После этого разговора я стала чаще заходить к Тутангу. Я уже прочитала многие его книжки. А раньше я думала, что он читает только учебники по праву. Иногда мы часами беседовали с ним о книгах, о людях, о душе, о настоящей жизни, о страсти, о любви. Моя неприязнь к Тутангу исчезла, он уже не казался мне скучным, книжным человеком. Я много работала. Я старалась писать свободно, не подстраиваясь ни под кого.

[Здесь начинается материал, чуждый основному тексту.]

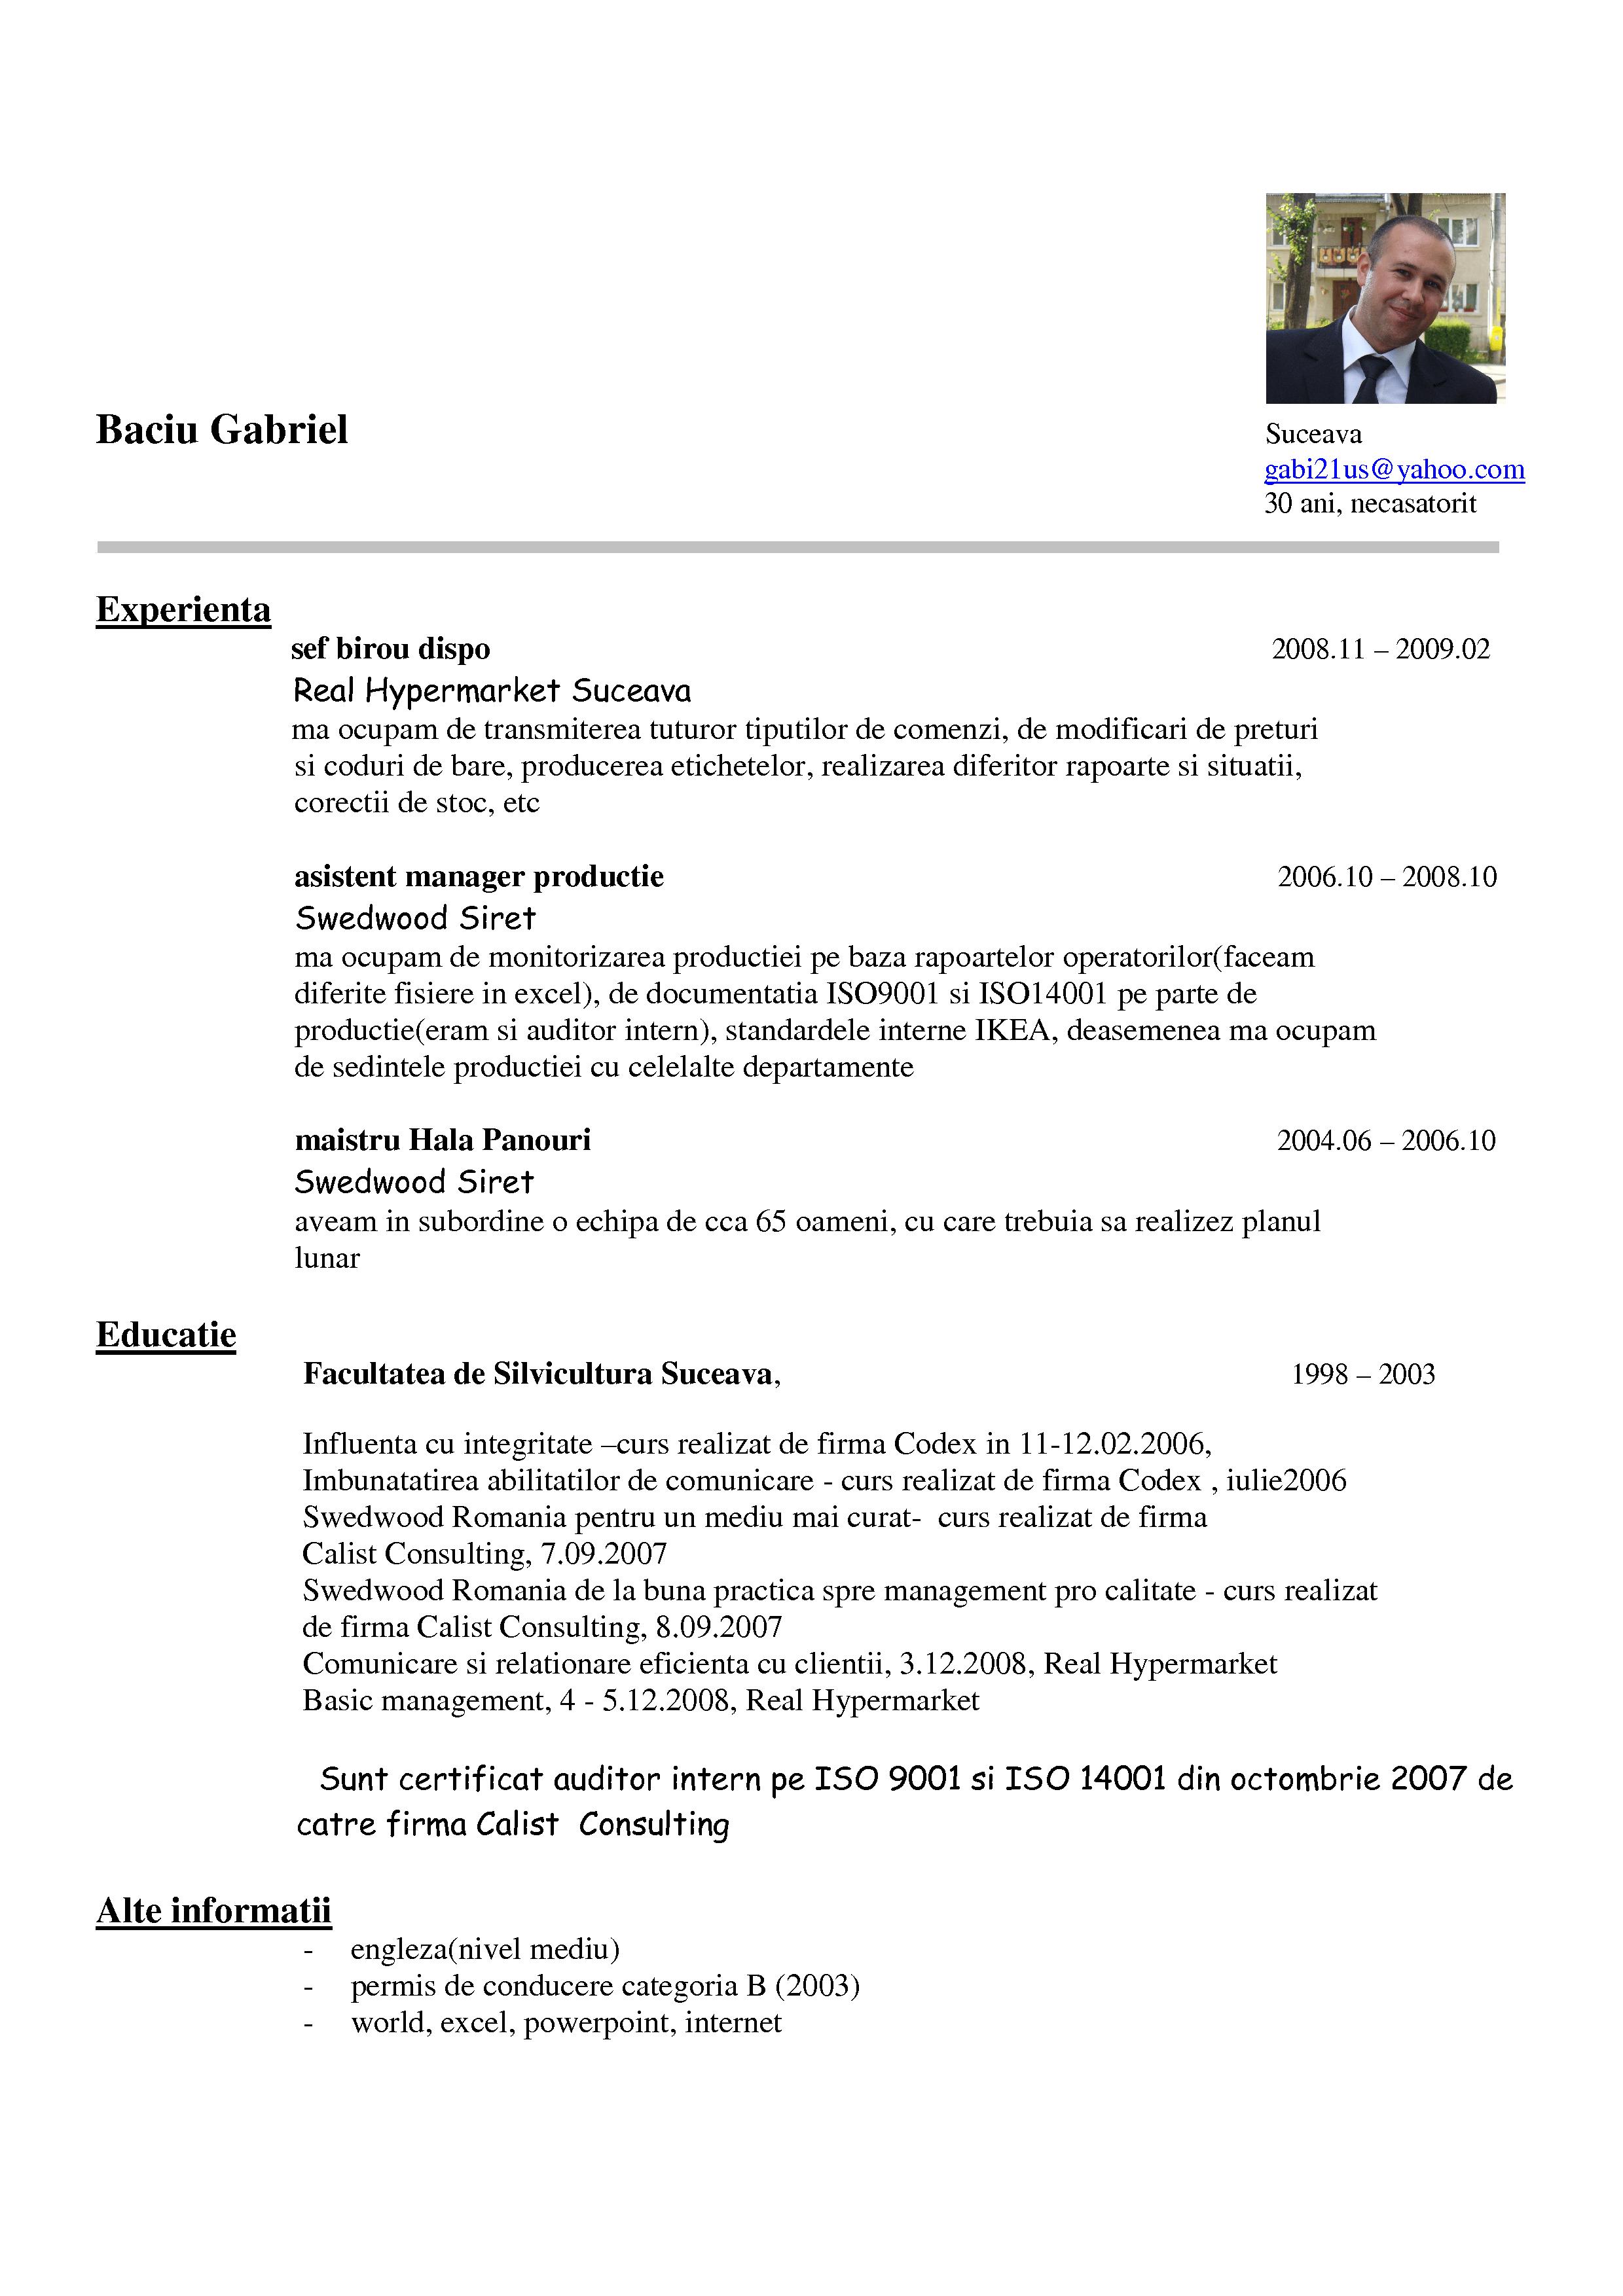 Good Summary For Linkedin Profile

Конечно, не все мои статьи проходили благополучно через руки японского цензора, многие мне возвращали обратно, и я хранила их у себя. Я старалась писать больше и лучше и почти забросила остальную работу. Ирвану теперь во многом помогали другие, а я только правила его речи.

Мои частые встречи с Тутангом не повлияли на наши отношения с Ирваном, ведь я делала то, чего он сам хотел.

У Тутанга было мало друзей. Его раздражали шумные споры и громкий смех; особенно он не любил, когда нарочито громко смеялись женщины. Он часто высмеивал девушек, которые вместе со мной приходили к Ирвану.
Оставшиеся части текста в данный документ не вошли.